::: DATASET SECTION

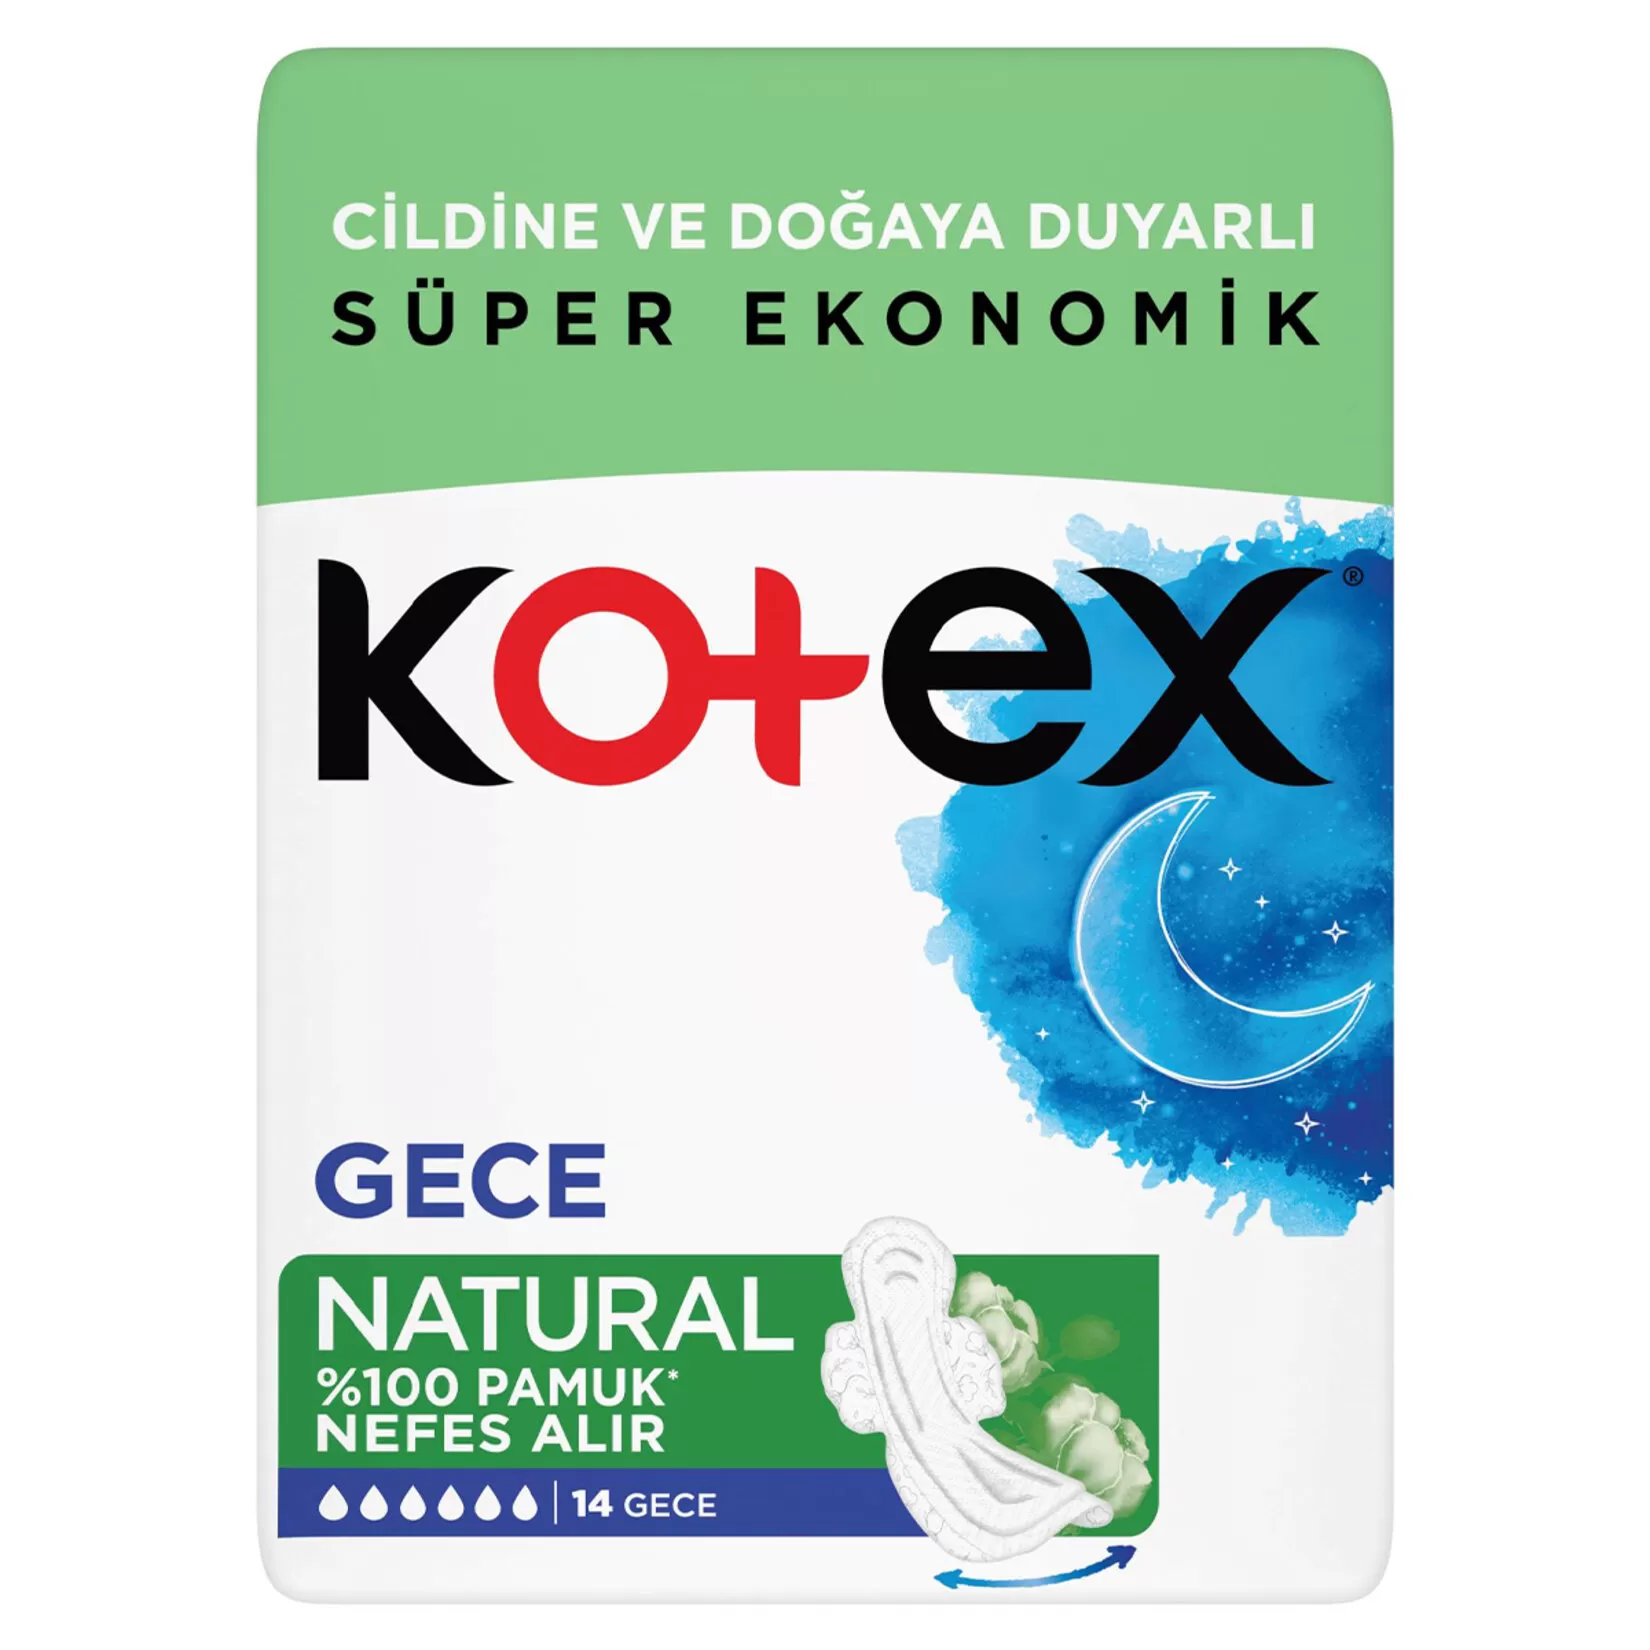 Kotex Natural Ped Gece 14x5 70 Adet
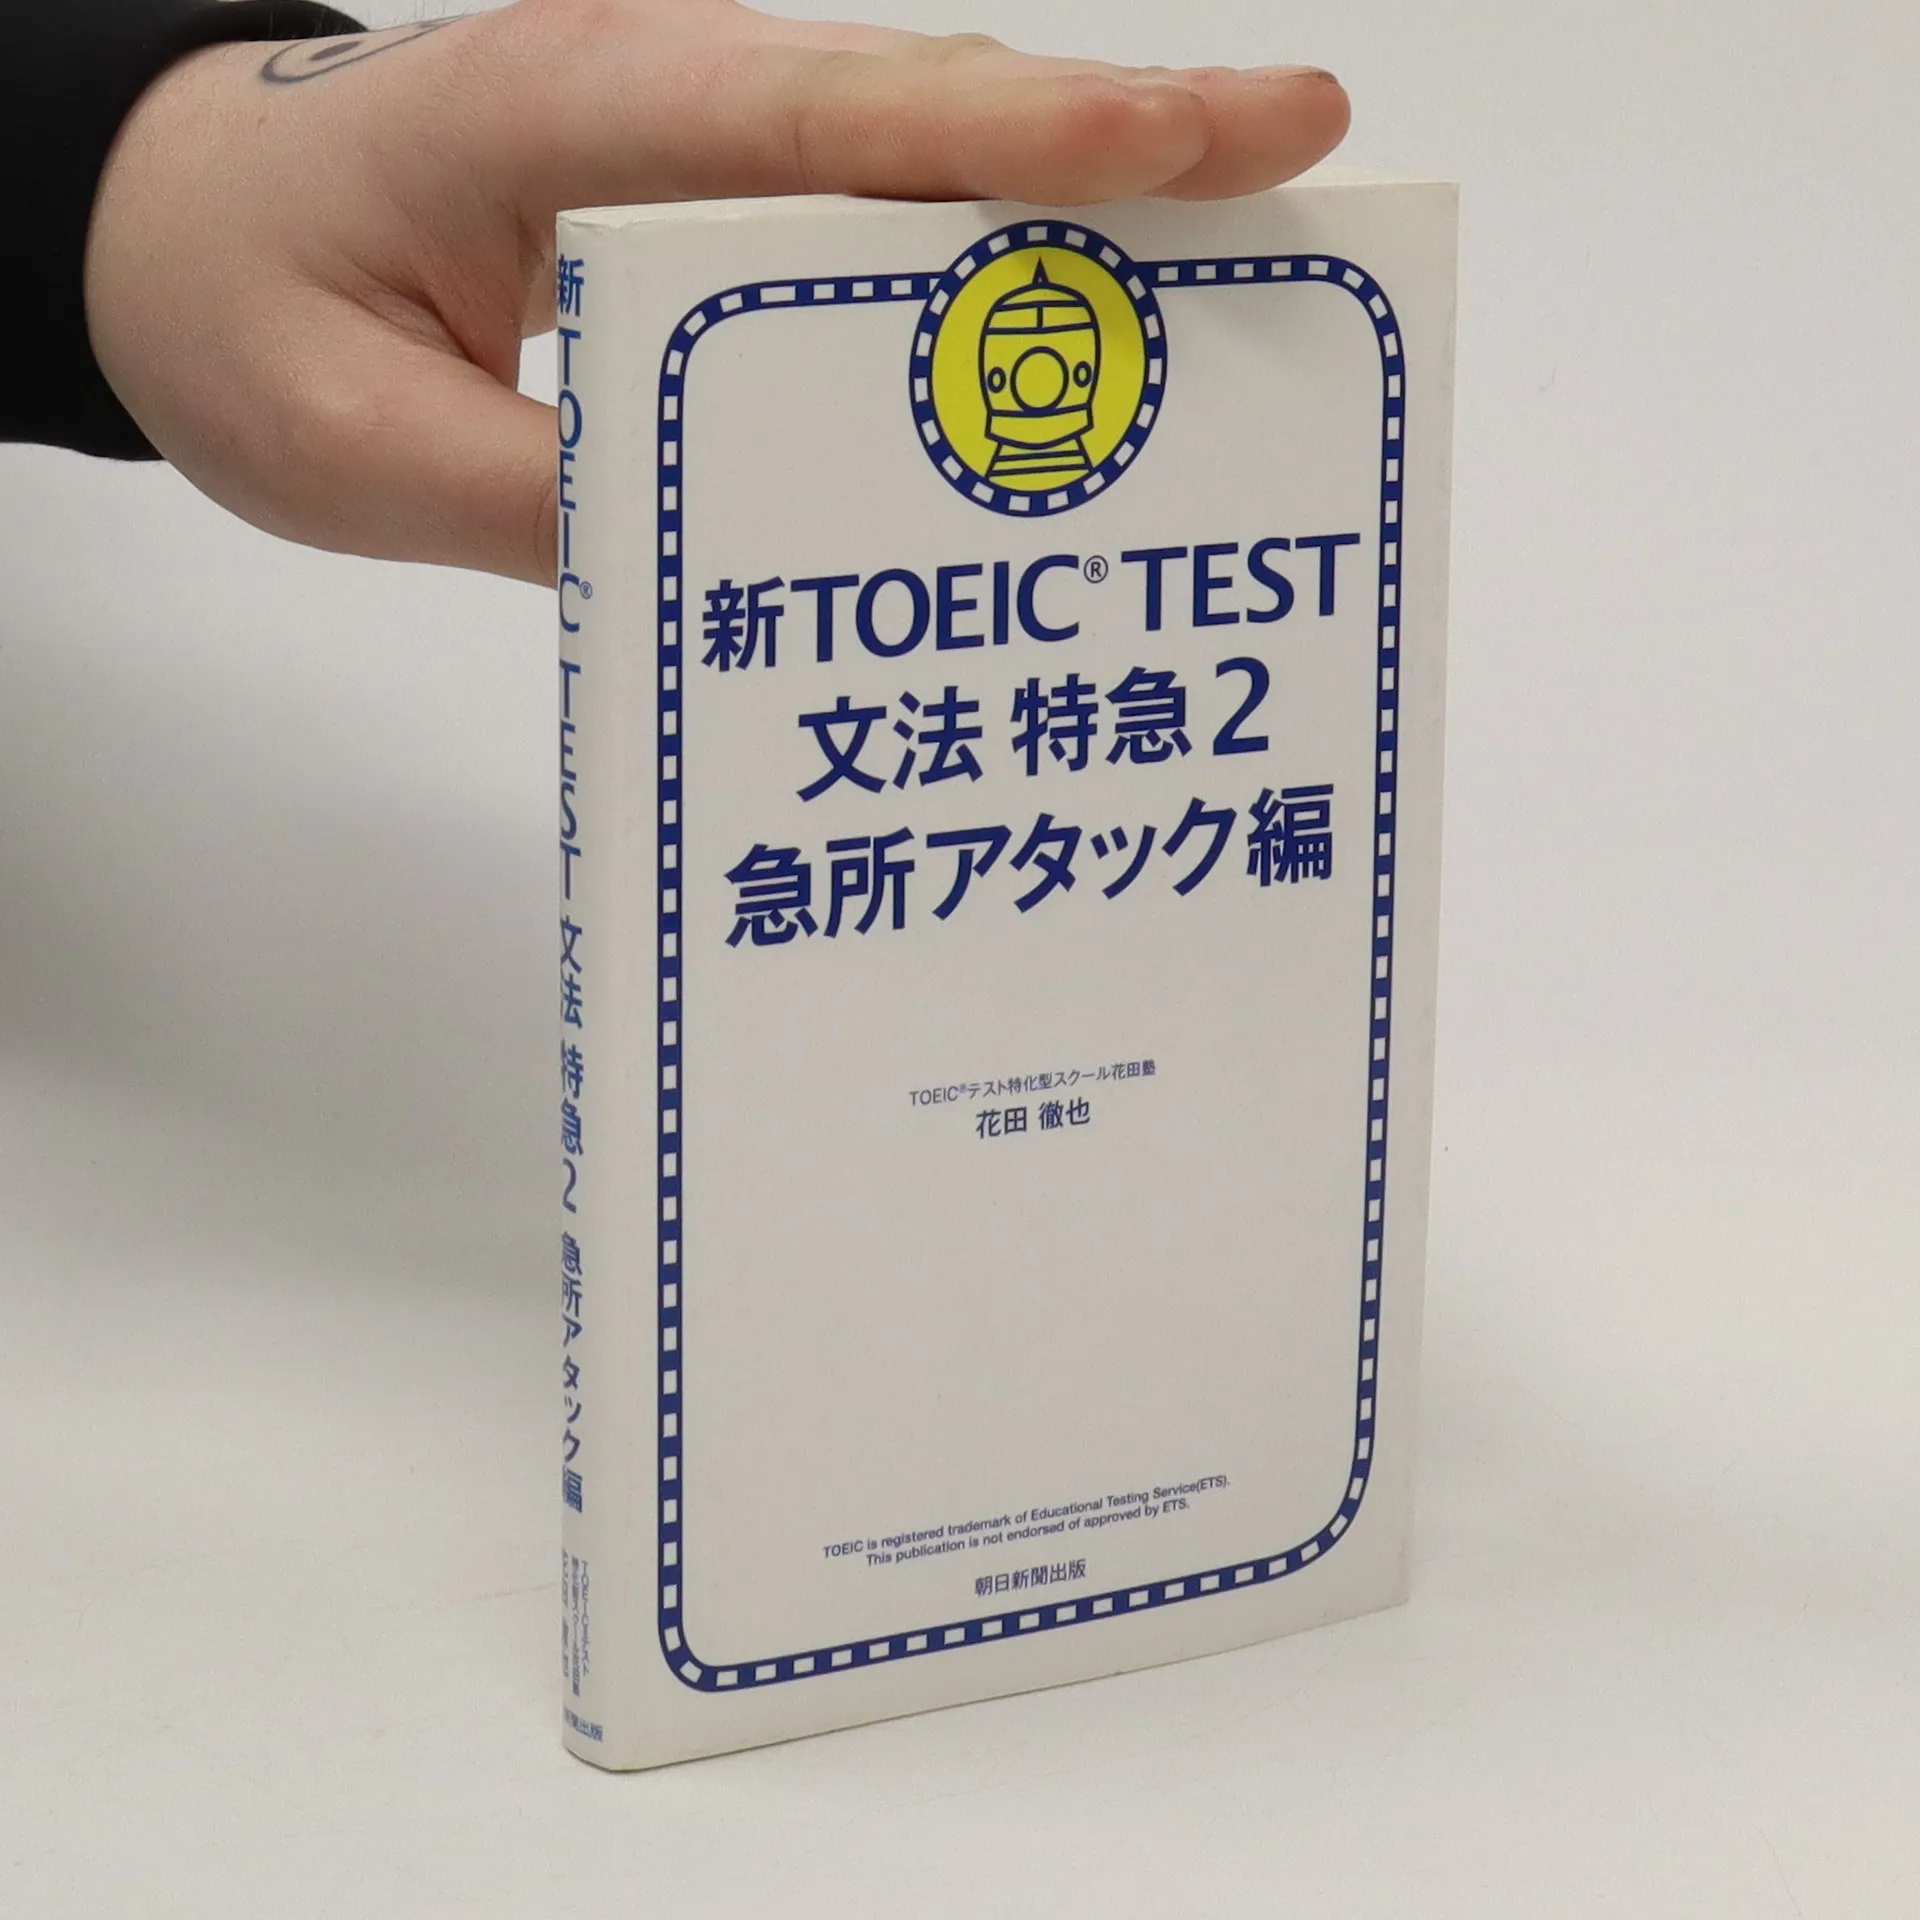 新TOEIC TEST文法特急 2(急所アタック編) 今ダケ送料無料 - 語学・辞書 
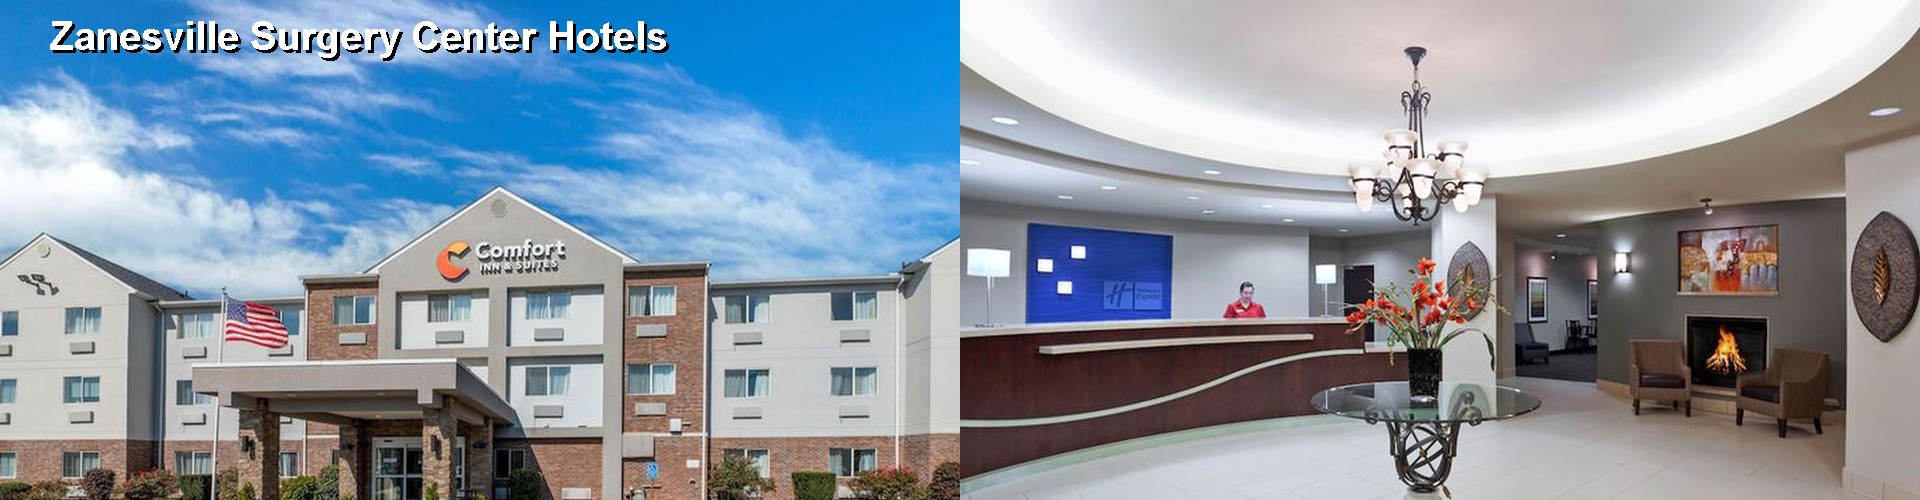 5 Best Hotels near Zanesville Surgery Center
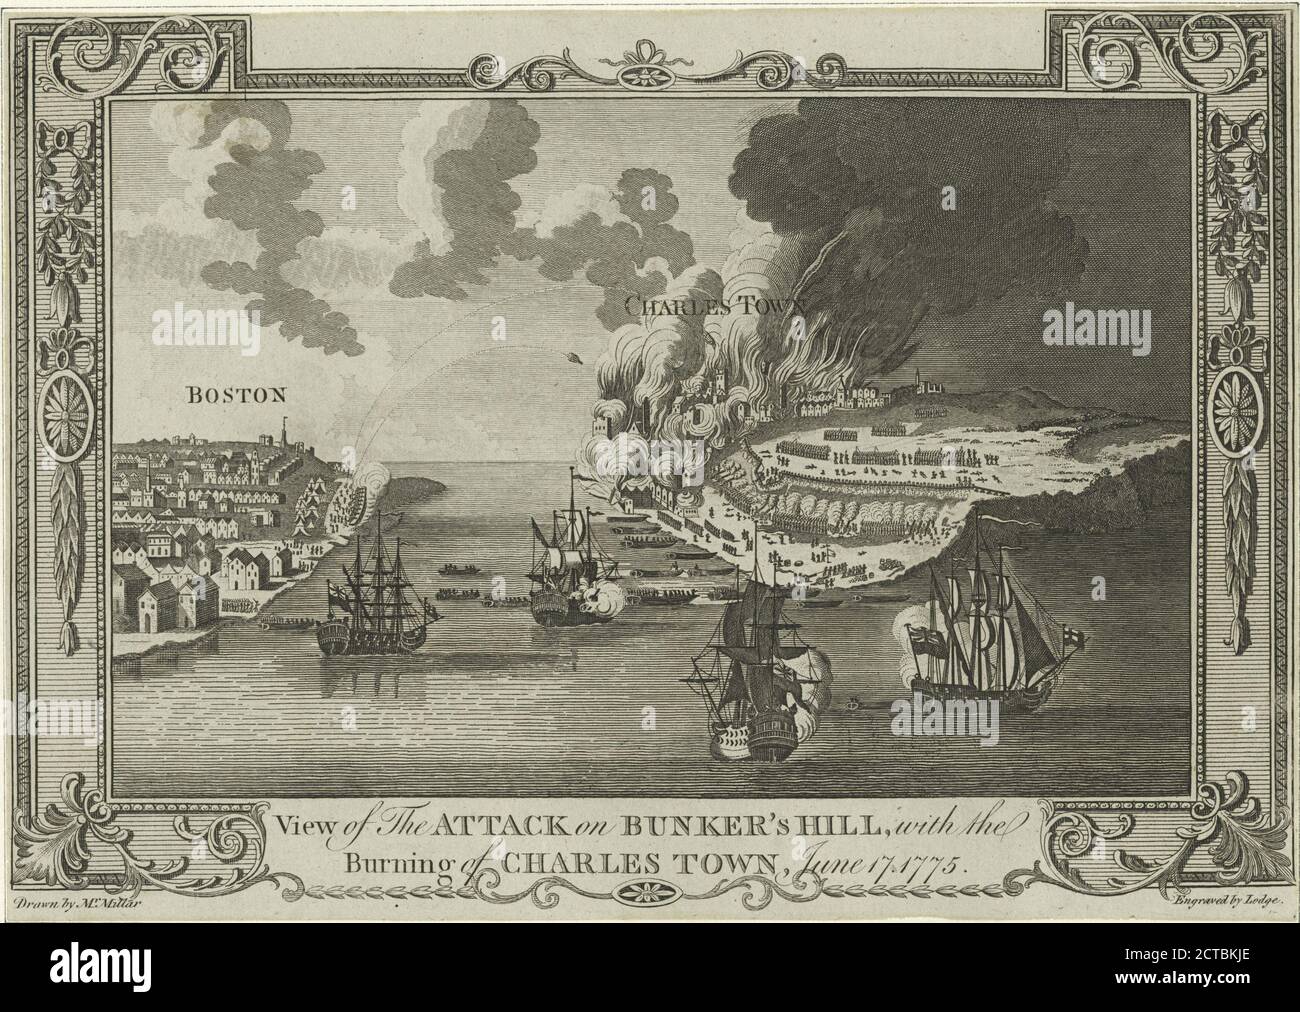 Vue de l'attaque sur Bunker's Hill, avec l'incendie de Charles Town, 17 juin 1775, image fixe, 1776 - 1890 Banque D'Images

::::::

## [PROBLEM DETAILS]
In your reply, please print exactly the lines from the one with "新TOEIC TEST文法特急 2(急所アタック編) 今ダケ送料無料 - 語学・辞書" through the final line of the listing above, both included, and no pictures.

## [ANSWER BOX]
 新TOEIC TEST文法特急 2(急所アタック編) 今ダケ送料無料 - 語学・辞書 
 5 Best Hotels near Zanesville Surgery Center
 Vue de l'attaque sur Bunker's Hill, avec l'incendie de Charles Town, 17 juin 1775, image fixe, 1776 - 1890 Banque D'Images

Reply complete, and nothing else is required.